The Clobberers can compete in their alternate setup (FAD and Waffle/Phoenix swapped).
[25] There is Zugzwang: players with legal moves are obliged to move even if every legal move leads to defeat. This is one of the most outstanding features of chess and its variants. Compare it to go, where no player is ever forced to deteriorate their position, they may just pass instead.
Now there is a lot of input for thought, and I may create another army based on the fairy theme ... For aesthetical reasons I don't like a 'queens left' setup, but H. G. Muller makes a strong point to consider it nevertheless. I have to think what rules for castling to prefer (Fischer random rules or just mirrored castling). As a replacement for the phoenix/waffle piece, another knight-strength piece is needed. Candidates are the Kylin/Diamond/Duke (FD compound) or the 3 simplest amphibians Frog {1,1}+{0,3}, Toad {0,2}+{0,3}, and Newt {2,2}+{0,3}---all of them are very thematic, but I have to playtest how they work together. That the halfduck is feasable in CwDA suggest that the amphibians aren't too dangerous to use.
This is a good game: It is fun to play. I even like the name showing some humour. Since Charles suggested elsewhere to drop or change this game: please let it stand here as it is. It even inspired another game (I'm a Ferz, get me into there). All in all, this game has well thought 'game mechanics' and is worth keeping.
@Joe: The clue to my rating of the Shatranjian Shooters is the observation that a Ferfil ist worth a Knight is worth a Bishop.
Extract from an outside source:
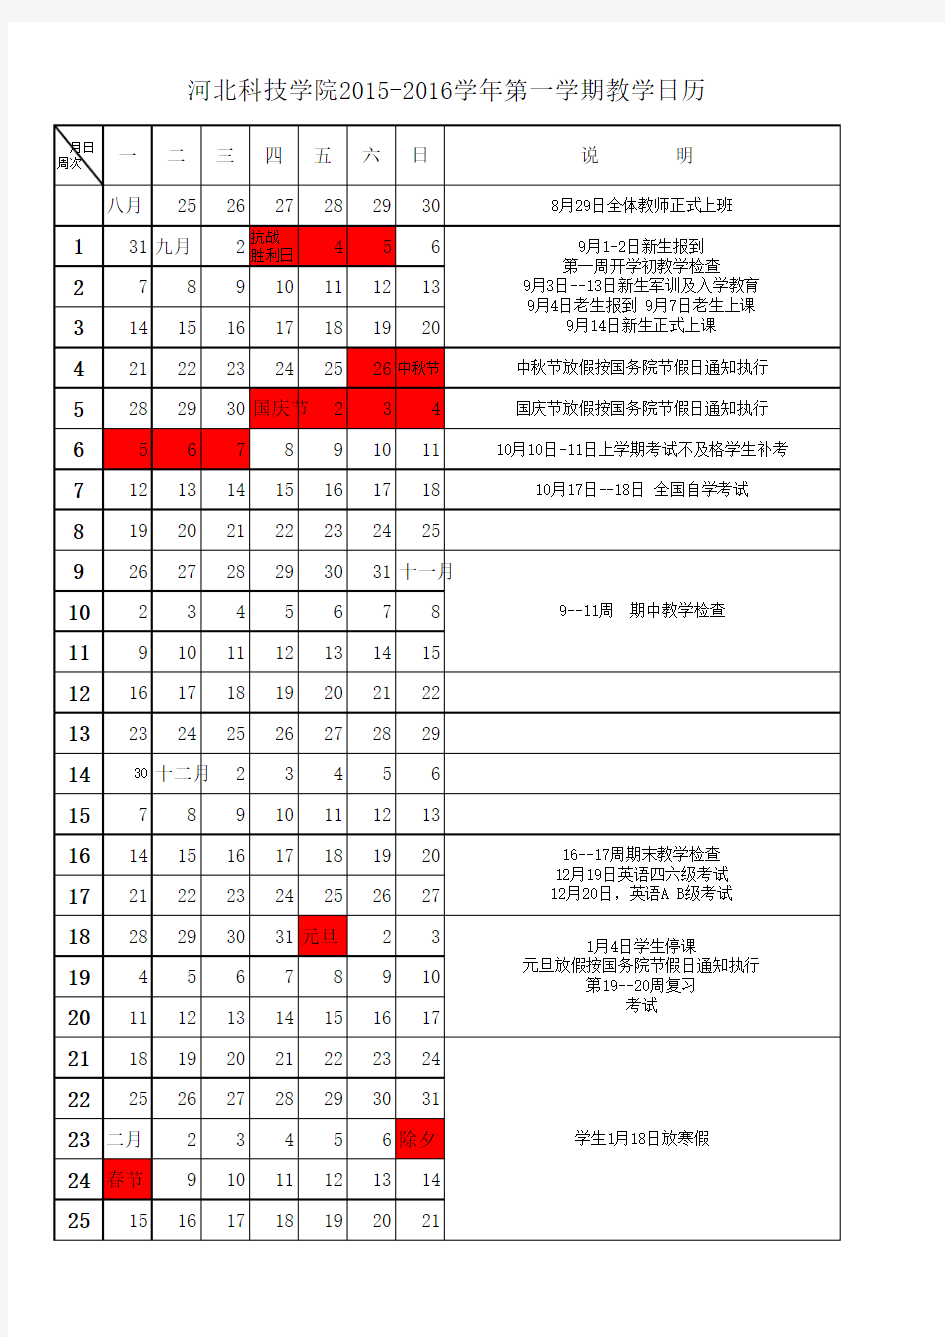 河北科技学院2014-2015学年第一学期教学日历 (1)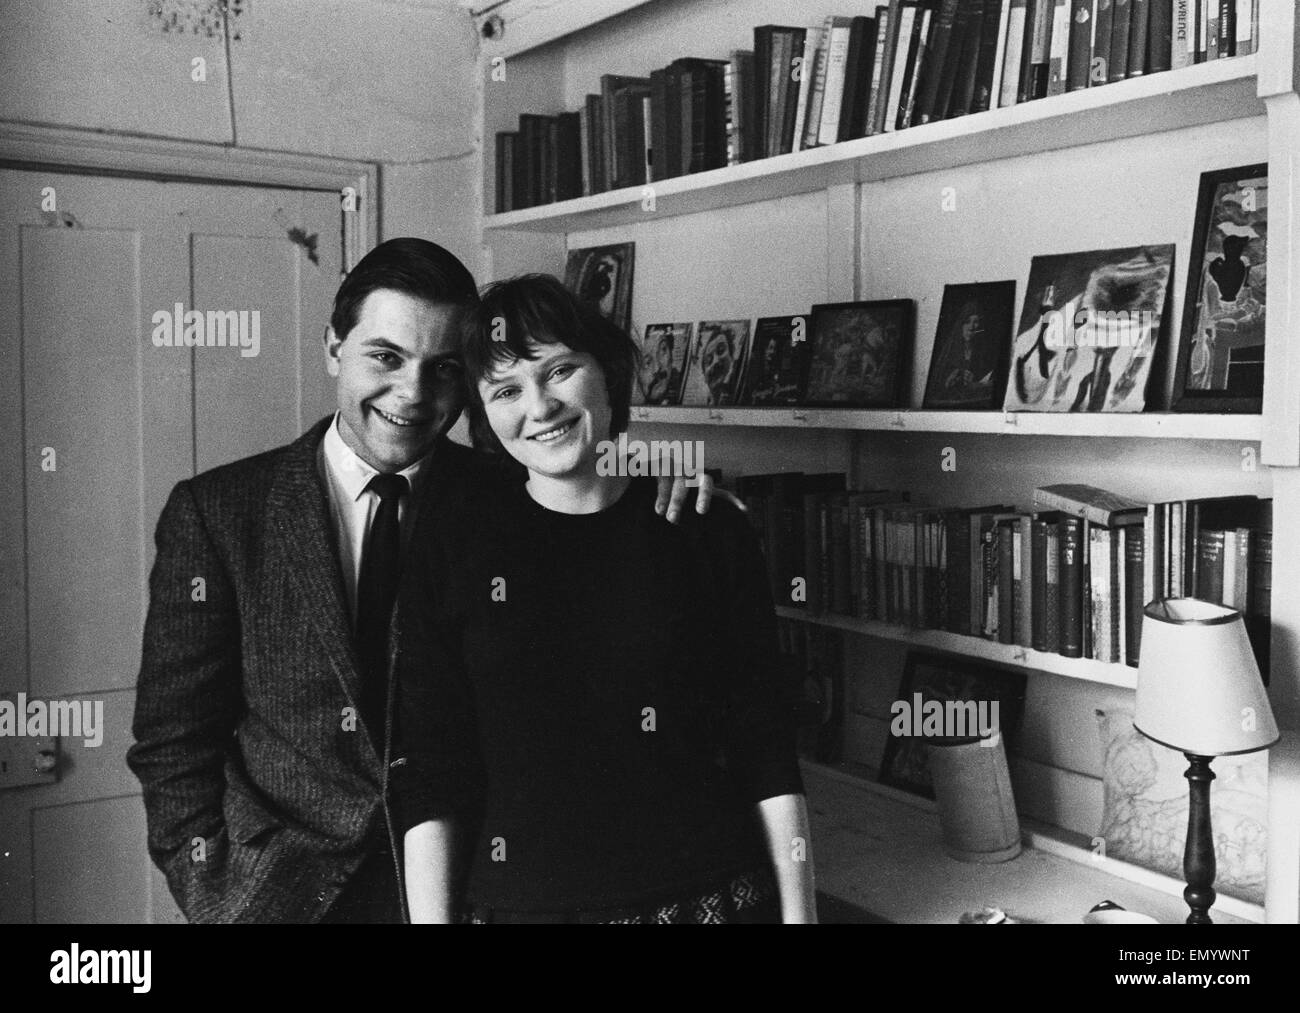 Bernadine Wall, war ein Zeuge in der Obszönität Studie für D.H. Lawrence Buch "Lady Chatterley es Lover', im Bild mit ihrem Verlobten Stephen Bishop. 16. April 1961. Stockfoto

To my experience this is true for a single Ferfil compared to a single Bishop. A pair of short range Ferfils does not generate a feelable pair bonus, though. The Shaman ist about 1.25 pawns above the Ferfil. The Hero is similar to the Shaman, but has a larger overall mobility, I rate it half a pawn above the Shaman. The War Elephant is like a Queen, therefore it is 1.5 pawns better than its components. This gives the following calculation: 2 Heros @4.75 Points = 9.5 Points 2 Knights @3 Points = 6 Points 2 Shamans @4.25 Points = 8.5 Points 1 War Elephant @10.5 Points =================================== Sum 34.5 Points compared to 32 Points for the FIDEs. I don't know whether the Shamans already have a feelable pair bonus, therefore I don't put it in. Of course, with a jumping general (about 7.5 points) the army is on the low end of the CwDA scale. 31.5 is less than the FIDEs have. The Hero and the Shaman are very tactically dangerous pieces, specially against the FIDEs with their unprotected rooks in the back rank.
Christine, feel free to use my email address as given here for questions or sending drafts to me (pdf format preferred, html is also good. I'm on Linux and don't have ZoG here.). Currently I am reading my emails frequently.
By the way, Falkener goes further back in time than expected: The Dover reprint was made from an 1892 edition! Falkener, Edward, Games Ancient and Oriental, Dover Publications 1961 (reprint of 1892 edition)
The only piece names we can attribute to Falkener are Chevalier and Cavalier. The Castle doesn't occur with Falkener, nor does he describe Mideast Chess or a game similar to it.